Da lì in poi è stato un crescendo.

"Come diceva Émile Peynaud citando Oscar Wilde: ‘la tradizione è un’innovazione riuscita ben’». Così è stato per Tignanello. È stato infatti uno dei primi vini a essere soprannominato ‘Super Tuscan’ a metà degli anni ’80”.

Cosa si intendeva per ‘Super Tuscan’?

"Un vino rosso toscano non convenzionale per l’epoca, di eccezionale qualità che sfuggiva ai disciplinari di produzione attraverso l’utilizzo di varietà non autoctone o metodi di affinamento non previsti. La qualità, che non rifletteva la classificazione ‘Vino da Tavola’ e successivamente ‘Vino Tipico’ con cui dovevano uscire, portò alla coniazione del termine ‘Super Tuscan’.

Furono proprio i Super Tuscan a evidenziare le potenzialità della viticoltura ed enologia toscana di qualità e a contribuire all’evoluzione dei disciplinari delle Doc, poi Docg. Oggi cos'è per lei questa etichetta?
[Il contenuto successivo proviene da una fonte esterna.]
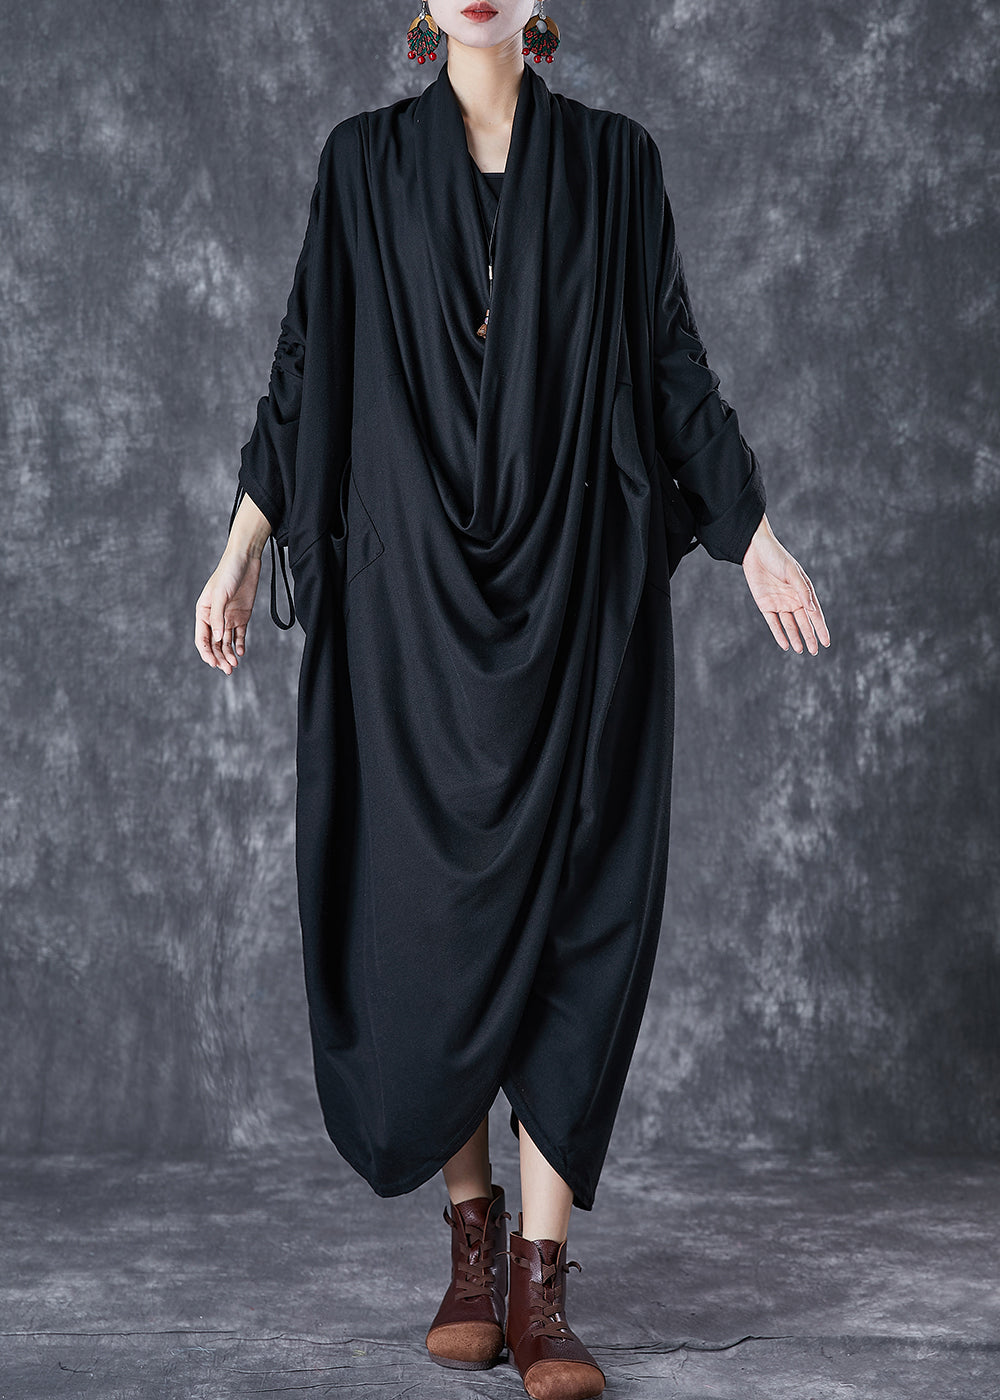 Unique Black Asymmetrical Wrinkled Cotton Gown Dress Fall Ada Fashion

"A distanza di 50 anni, Tignanello non finisce mai di sorprendermi, annata dopo annata. Un vino a cui io e la mia famiglia siamo profondamente legati e che rappresenta per noi una sfida mai finita, l’ossessione a migliorarci, a porci sempre in discussione, a trovare margini qualitativi sempre più elevati. Proprio pochi mesi fa abbiamo reimpiantato l’ultima parte del vigneto della collina di Tignanello, e il caso ha voluto che fosse proprio durante questo anniversario, con un vino capace di rappresentare a pieno lo spirito del ‘Te Duce Proficio’, motto della nostra famiglia, che significa 'Sotto la tua guida io procedo'”.

Tanta modernità e tanta storia.

"Sì, da oltre sei secoli la nostra famiglia ha un profondo legame con la città di Firenze, il mondo del vino e l’arte. I 50 anni di Tignanello ci hanno dato l’opportunità per unire e rendere omaggio a questi tre elementi che ci stanno particolarmente a cuore, nel segno del Rinascimento, sia vitivinicolo, che artistico”.

Oggi l’azienda è presieduta da sua figlia Albiera, col supporto delle altre due figlie Allegra e Alessia, mentre lei è Presidente Onorario. Insomma, una tradizione di generazione in generazione.

"Adesso sono entrati in azienda i nipoti che rappresentano la 27° generazione. La mia famiglia ha sempre gestito direttamente questa attività con scelte innovative e talvolta coraggiose, mantenendo inalterato il rispetto per le tradizioni e per il territorio. Perché, sarà un caso, ma gli ottimi vini nascono in posti bellissimi”.

In occasione dei 50 anni di Tignanello, la famiglia Antinori affianca il Comune di Firenze nel restauro conservativo del Ponte Vecchio. Palazzo Antinori, storica residenza di famiglia, si anima inoltre di un'opera digitale di Felice Limosani. L'artista ha reinterpretato le tecniche tradizionali di pittura paesaggistica e floreale utilizzando l’intelligenza artificiale e software generativi, creando ambientazioni surreali tra il figurativo e l’astratto, esaltando la maestosità della natura. L’installazione «Ars Una«, sarà visibile fino al 9 giugno, dalle 21 a mezzanotte.